Mifepristone tegen insuline resistentie:
In het prospectieve, gerandomiseerde, dubbelblinde, placebogecontroleerde cross-overonderzoek, dat in 2021 werd gepubliceerd in het wetenschappelijke tijdschrift The Journal of Clinical Endocrinology and Metabolism, werden zwaarlijvige mensen met glucose-intolerantie onderzocht. De deelnemers aan de studie (hierna: studiedeelnemers) werden willekeurig in twee groepen verdeeld. Terwijl de interventiegroep om de 6 uur mifepriston in capsules van 50 mg kreeg, nam de controlegroep een placebo met hetzelfde interval, gespreid over 9 dagen.

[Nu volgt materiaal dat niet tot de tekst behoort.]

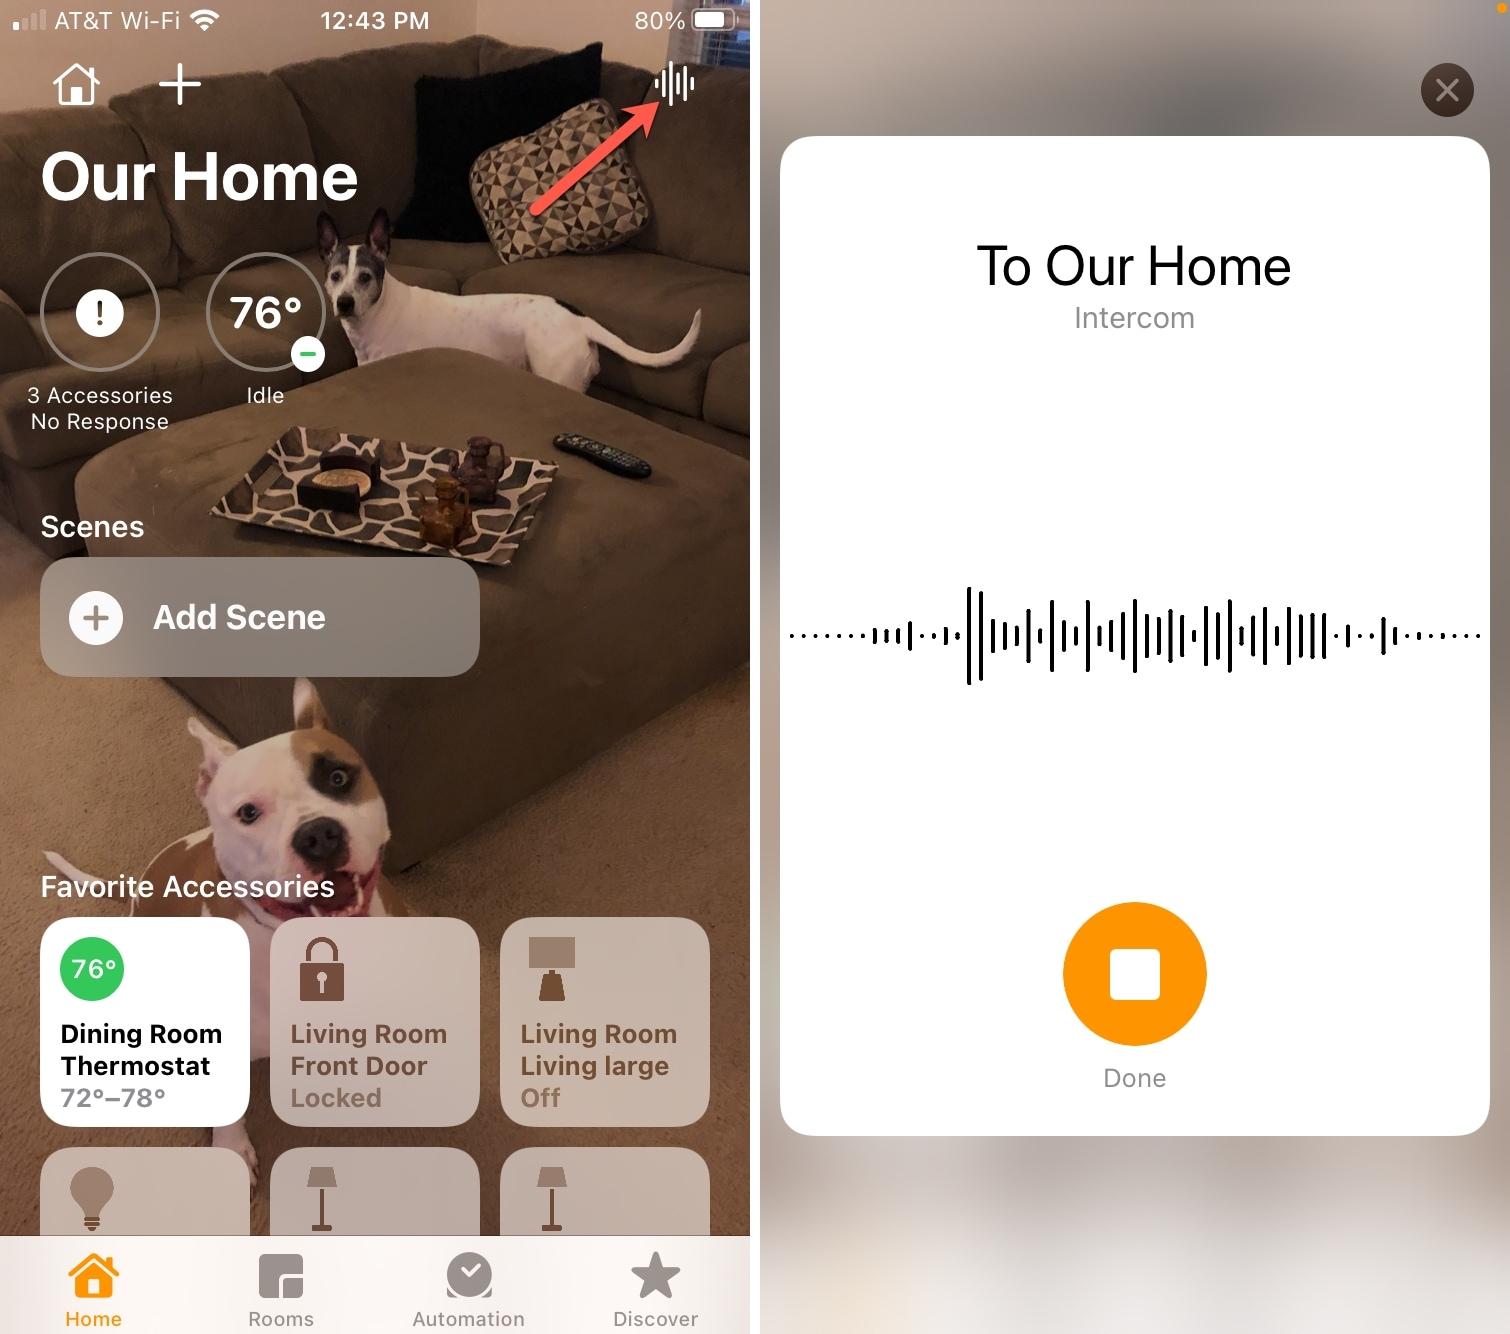 Send Intercom Message in the Home app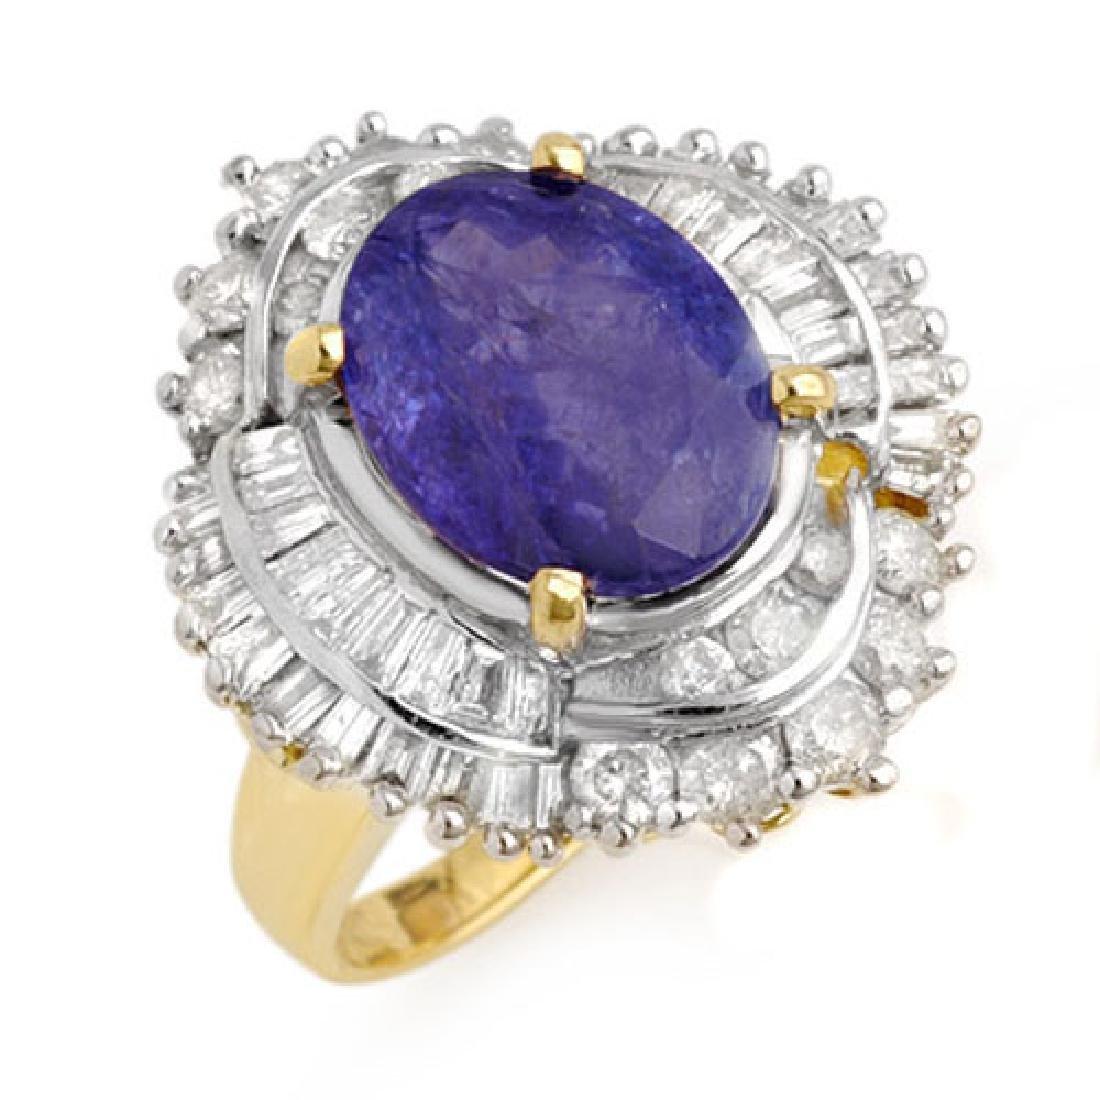 6.0 CTW Tanzanite & Diamond Ring 14K Yellow Gold

De lage dosis mifepriston werd gebruikt om mogelijke bijnierinsufficiëntie te vermijden. De behandelingsfase werd onderbroken met een uitwasperiode van 6 tot 8 weken, waarna de behandeling in de andere groep nog 9 dagen werd voortgezet, waardoor de studiegroep eveneens in de controlegroep overging. De deelnemers aan de studie werden onderzocht in het klinisch centrum van het National Institutes of Health in de VS. Het primaire einddoel was een verandering in insulinegevoeligheid.
De inclusiecriteria waren:
- Mannen en vrouwen tussen 35 en 70 jaar.
- BMI waarde van 25 tot 37 kg/m^2
- Pre-diabetes of lichte diabetes voor aanvang van de studie.
Uitsluitingscriteria:
- Cushing's syndroom (d.w.z. verhoogde cortisol niveaus in het bloed).
- Meer dan 2 (vrouwen) of 3 (mannen) alcoholische dranken per dag
- Zwangere vrouwen en vrouwen die borstvoeding geven
- Gebruik van bloedsuikerverlagende medicijnen in de laatste 3 maanden voor het begin van de studie
- Ongecontroleerde hoge bloeddruk
- Instabiele gezondheidstoestand (bijvoorbeeld: ernstig ademhalingsmoeilijkheden)
- Ernstig verhoogde leverfunctietesten
- Ernstige nierinsufficiëntie
- En soortgelijke
Alle deelnemers noteerden eventuele bijwerkingen en meldden deze aan het onderzoekspersoneel. Twee weken voor de interventiefase mochten de deelnemers geen nieuwe diëten beginnen. Na beide behandelingsfasen kwamen de proefpersonen na ongeveer 1 week en na 3 weken terug voor een veiligheidscontrole. Hier werden de nier- en leverfunctie gemeten, het bloedbeeld onderzocht en eventuele bijwerkingen behandeld.
Verminderde insulineresistentie:
De inname van mifepriston veranderde niets aan de glucosebeschikbaarheid van de insulinegevoeligheid en had geen effect op de insulineproductie. Blokkade van specifieke receptoren (d.w.z. glucocorticoïdreceptoren) verbeterde de insulinegevoeligheid van vetweefsel aanzienlijk en verminderde de insulineresistentie van nuchter vetweefsel.
Conclusie:
De studie heeft volgens de onderzoekers echter wel bepaalde beperkingen. Aangezien het aantal proefpersonen niet groot was, konden andere bepaalde invloeden van mifepriston mogelijk over het hoofd worden gezien. Ook kunnen, vanwege de vrij korte interventiefase, geen concrete conclusies worden getrokken over een langetermijneffect van mifepriston op gewicht, bijwerkingen en bloedsuikercontrole. Op basis van de studieresultaten zou een kortdurende therapie met mifepriston de insulinegevoeligheid van het vetweefsel kunnen verbeteren bij zwaarlijvige mensen met prediabetes of diabetes type 2. De onderzoekers hebben een sleutelrol toegekend aan glucocorticoïdreceptoren bij insulineresistentie, wat nieuwe doelwitten kan bieden voor therapeutische behandelingen van insulineresistentie.